Originally posted by Jim Sandman: (others pls correct me if wrong, but...)
The reason the output is: R.printS1 S.printS2
"R.printS1" prints because the instantiated class S (a subclass of R) calls the protected printS1S2 method of R.
"S.printS2" prints because the printS2 method of S overrides the printS2 method of R.
This is correct. These facts should explain the confusion a bit
1. R#printS1() is not overridden by S. "R.printS1" will print because as defined in the superclass R, printS1() is a private method, not a protected one. Any method that is of private access can't be seen by its subclasses, and therefore can't be overridden (nor hidden, nor overloaded). As far as each class is concerned, they each just happen to have private helper methods with the same signature.

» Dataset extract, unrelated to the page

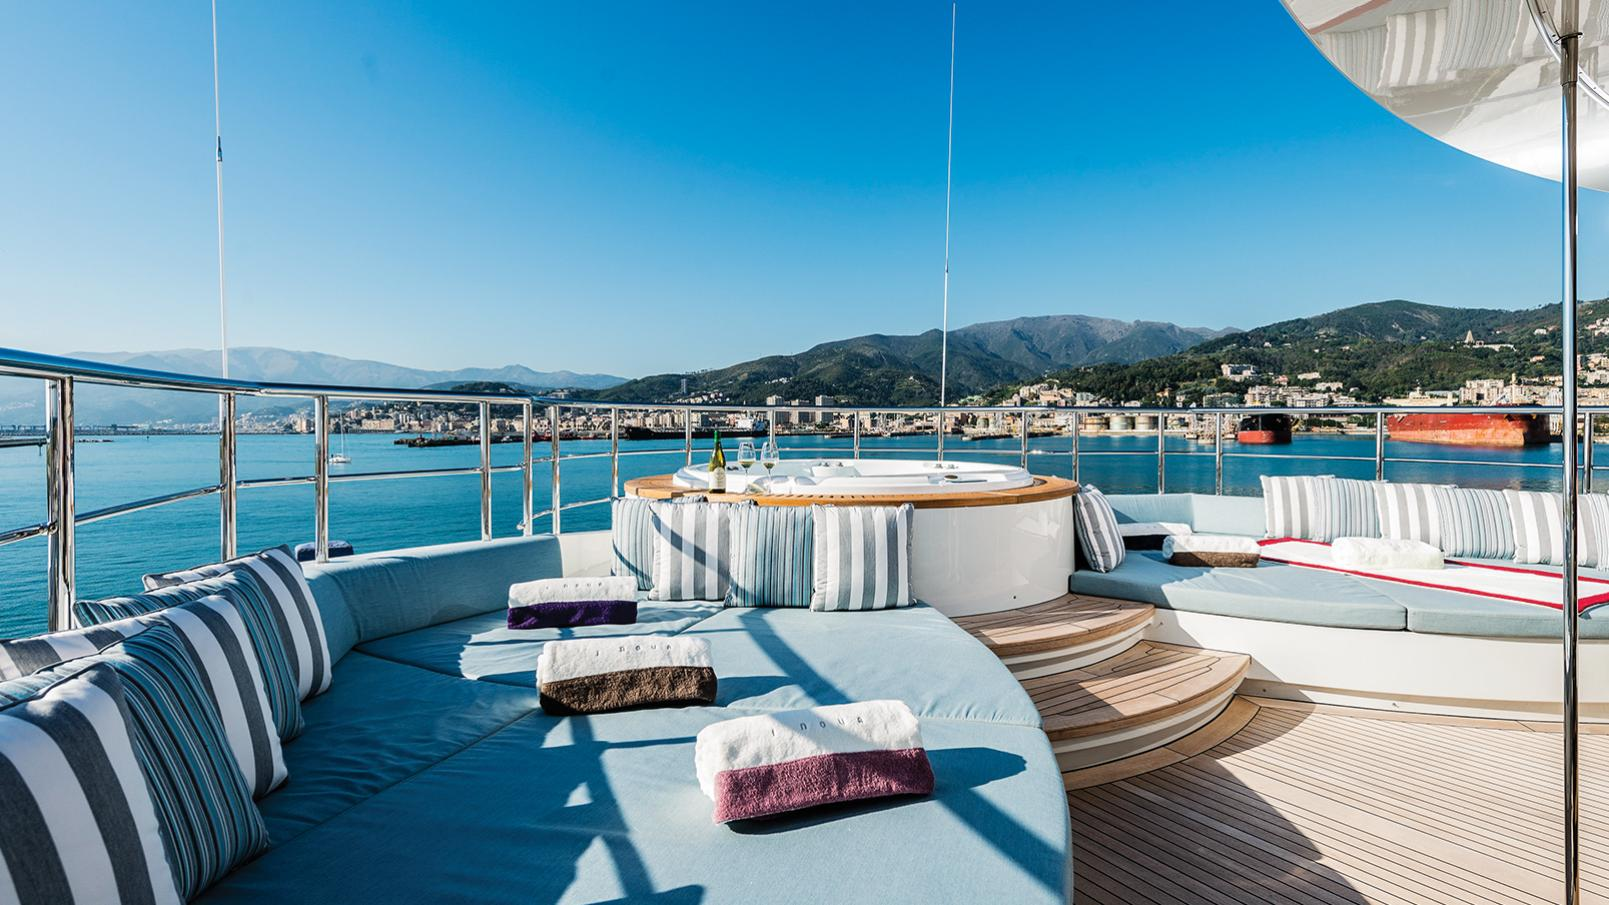 i-nova-explorer-yacht-cosmo-2013-50m-jacuzzi-deck

2. S#printS2() successfully overrides R#printS2 Why? Because R#printS2 is a protected member, and therefore inherited by S. Because it isn't final or static, S overrides it without issue and the behavior of the method for all instances of S() will invoke S#printS2() when calling printS2().
3. R#printS1S2 is never overridden at all Because printS1S2's implementation only exists in R, any non-overridden methods will be invoked just as they would if the instance's most specific type was R.
Based on the third observation, you can see that what's really happening under the covers when:
are invoked is:
What the compiler sees is--from the context of printS1S2() in R--a private method in R and an instance method of R overridden by S.
That's my stab at explaining why it will read "R.printS1 S.printS2" [ July 11, 2007: Message edited by: Justin Searls ]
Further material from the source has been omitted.